Esma Ben Said
17 Janvier 2018•Mise à jour: 17 Janvier 2018
AA/Kinshasa/Pascal Mulegwa
Trois agences de l'ONU ont lancé mercredi un appel urgent pour "sauver des vies" dans le centre de la République démocratique du Congo (RDC) où 400 000 enfants souffrant de malnutrition aiguë sévère risquent de mourir.
Il s'agit de l’Organisation des Nations Unies pour l'alimentation et l'agriculture (FAO), l'UNICEF et le Programme alimentaire mondial (PAM).
"Le gouvernement congolais et la communauté internationale doivent se réengager sur tous les fronts pour prévenir une famine majeure au Kasaï. Ne pas le faire, immédiatement et collectivement, signifie que beaucoup vont mourir", a déclaré dans un communiqué conjoint Claude Jibidar, Représentant du PAM en RDC.
Dans la région du Kasaï, des violences déclenchées depuis Aout 2016 après la mort d’un influent chef tribal opposé au régime de Kabila ont fait pas moins de 5 000 morts selon l’ONU et ont fait fuir 1.4 million de personnes.
"Le temps presse pour sauver des centaines de milliers de vies", ont averti les trois agences.
"Les agriculteurs qui ont fui leurs villages à cause du conflit ont raté trois saisons agricoles successives. Cela a laissé les gens avec presque rien à manger. L'aide alimentaire ne parvient pas à combler le vide", ajoutent-elles.
Dans cette région classée parmi les plus pauvres du pays, seulement 400 000 des 3,2 millions de personnes souffrant d'insécurité alimentaire grave au Kasaï ont reçu une aide en décembre dernier, selon les trois agences, qui se plaignent de l’insuffisance des ressources au vu de l'ampleur de la souffrance humaine.

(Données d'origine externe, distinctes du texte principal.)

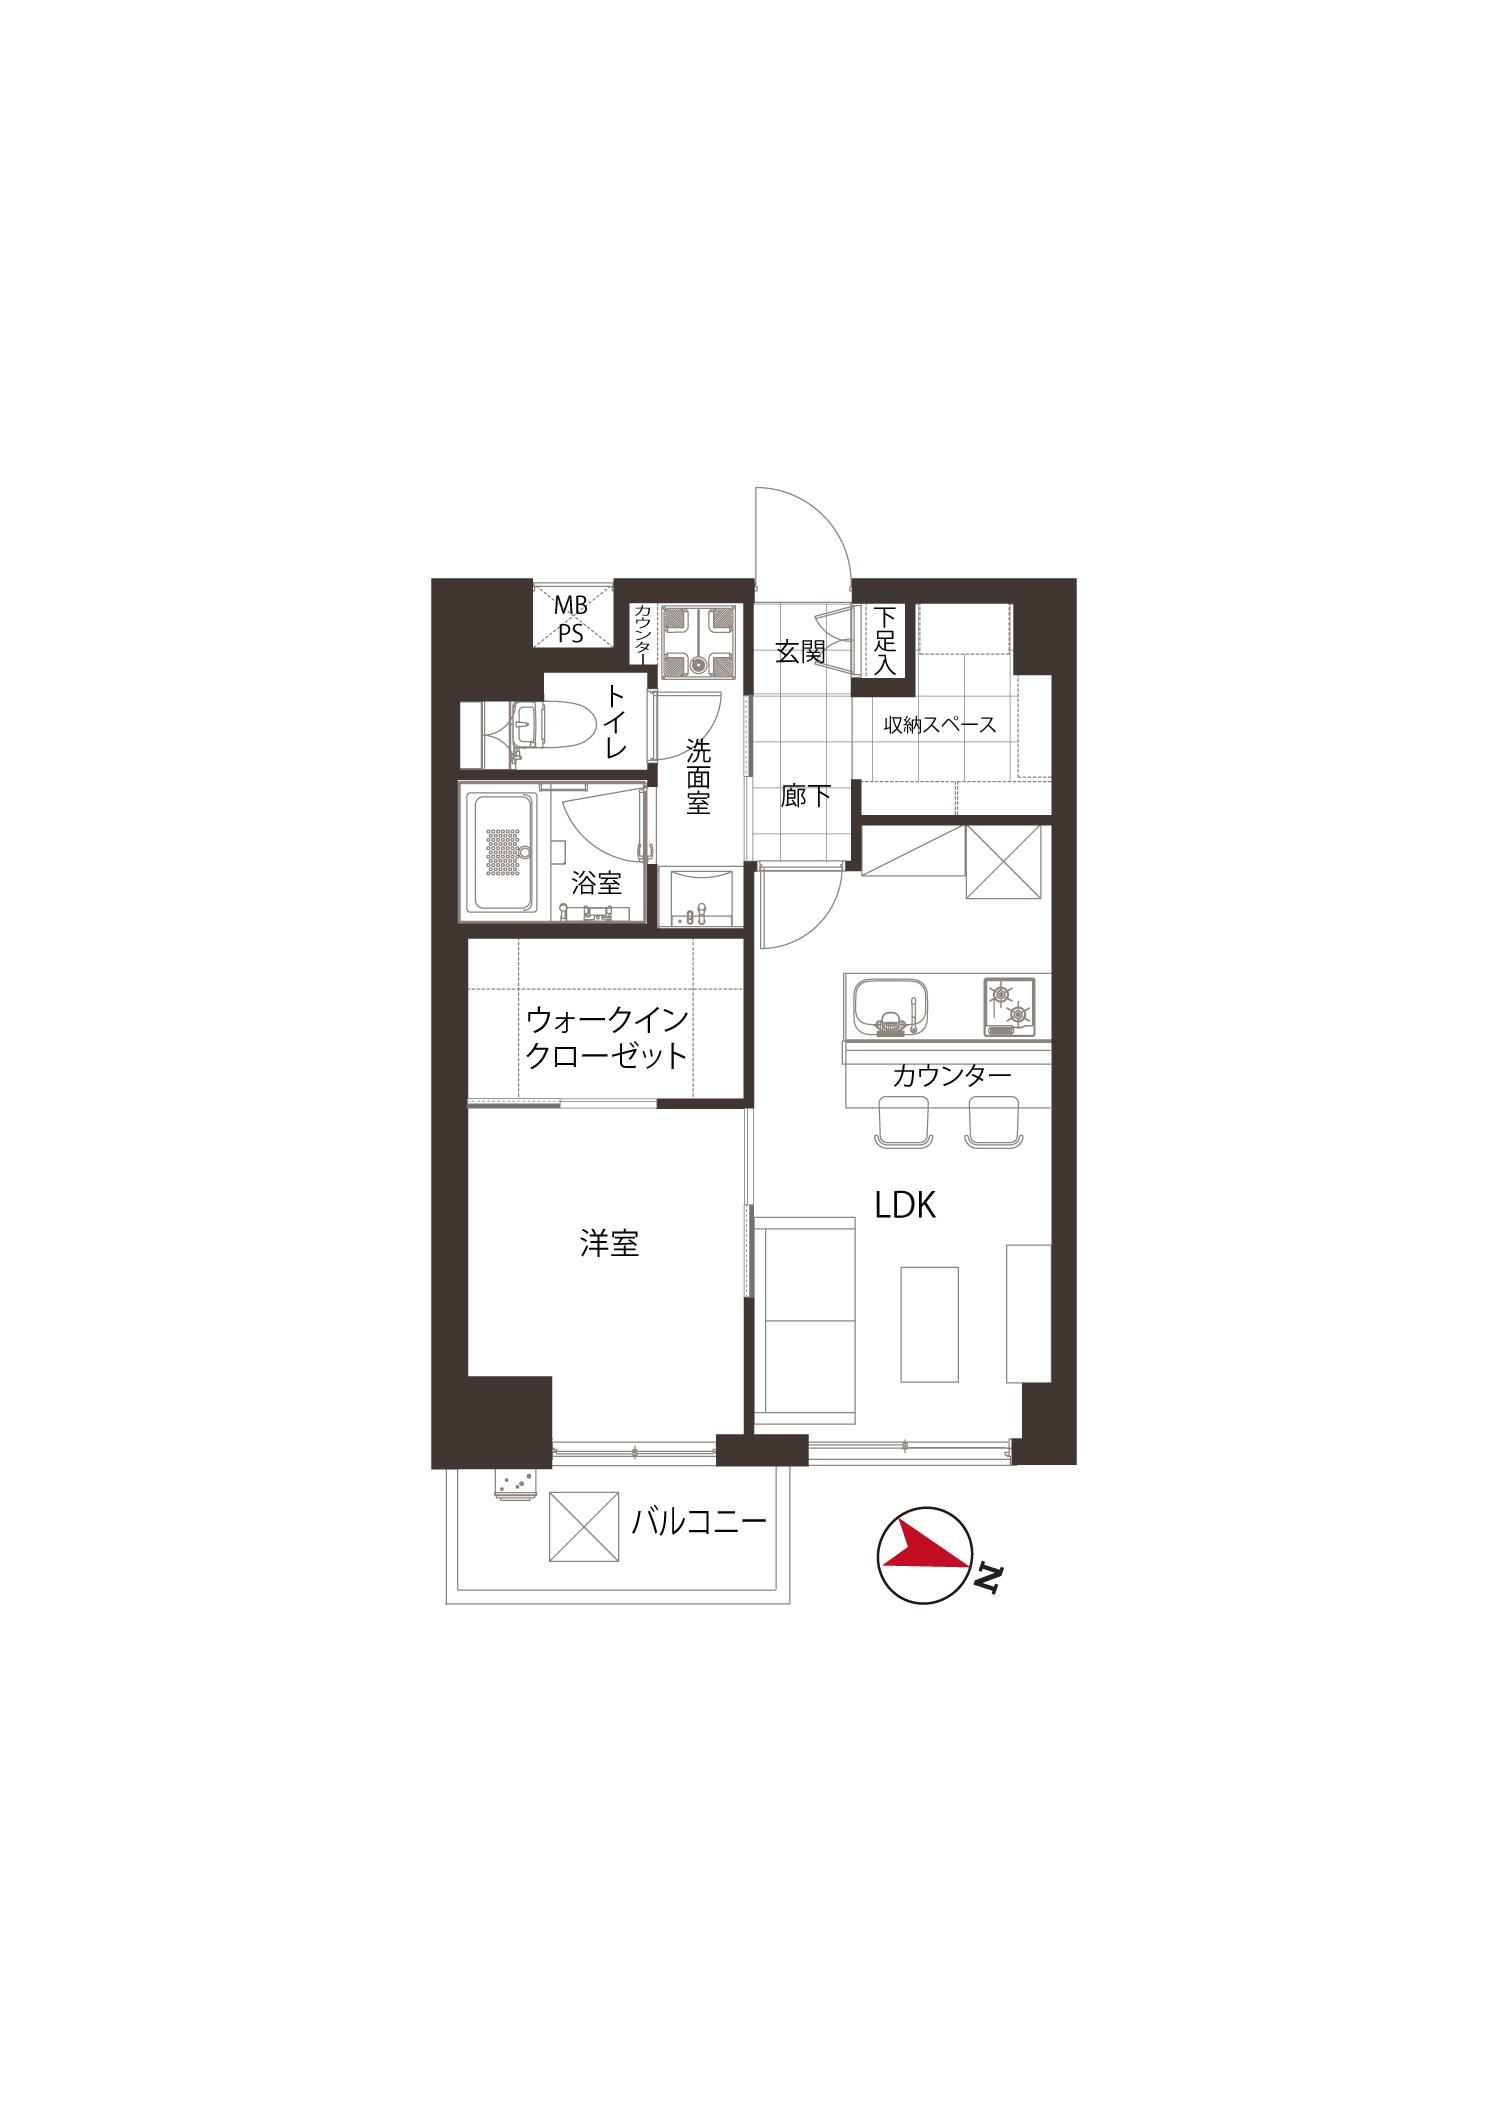 若松河田 駅近で便利、過ごしやすい部屋 間取り図

L'ONU et ses partenaires "courent contre la montre" pour nourrir la population du Kasaï, en combattant la malnutrition parmi les enfants et renforcer la résilience.

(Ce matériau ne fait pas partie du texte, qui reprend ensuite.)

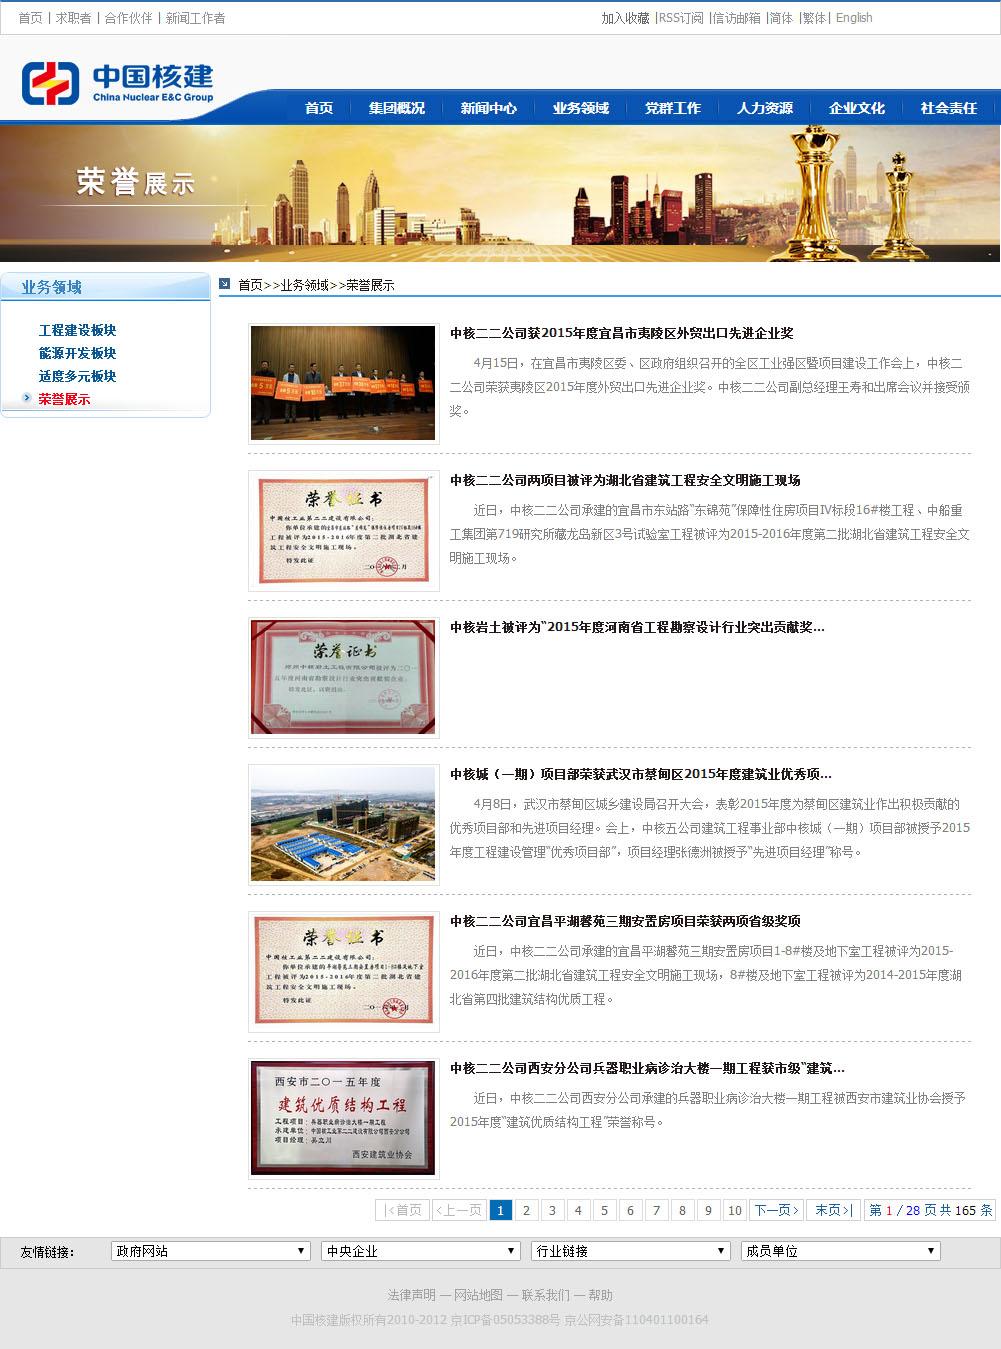 中國核建集團公司品牌形象官網建設案例

Mais les obstacles se dressent contre eux : "infrastructures limitées, sécurité médiocre et moyens financiers insuffisants", dégaine le communiqué.

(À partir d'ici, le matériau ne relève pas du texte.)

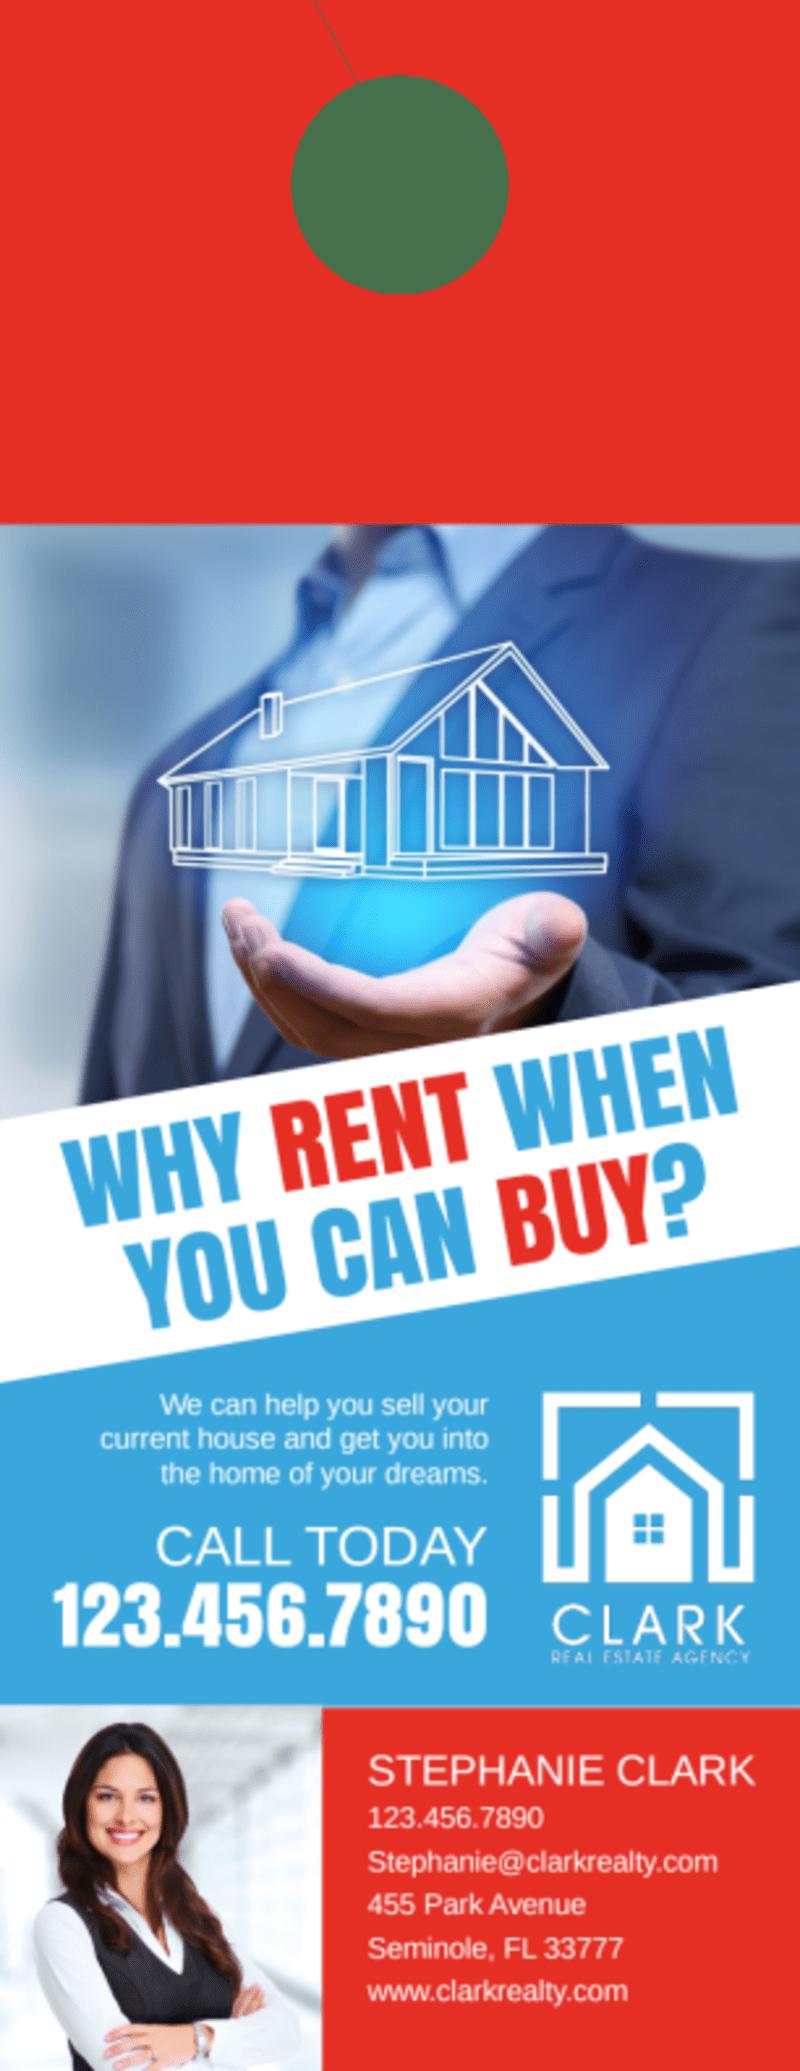 Buy VS Rent Door Hanger Template Preview 2

Face à cette crise, l'ONU demande 1,37 milliard d'euros pour ses opérations humanitaires en RDC cette année, a déclaré lors d’une conférence de presse mercredi à Genève, Jean-Philippe Chauzy, représentant de l'agence de l'ONU pour les
migrants (OIM) au Congo-Kinshasa.
"Si nous n'obtenons pas un tel niveau de financement, des gens vont mourir. Je veux être clair à ce sujet", a-t- il dit, indiquant que la situation humanitaire dans ce pays a atteint un "point de rupture".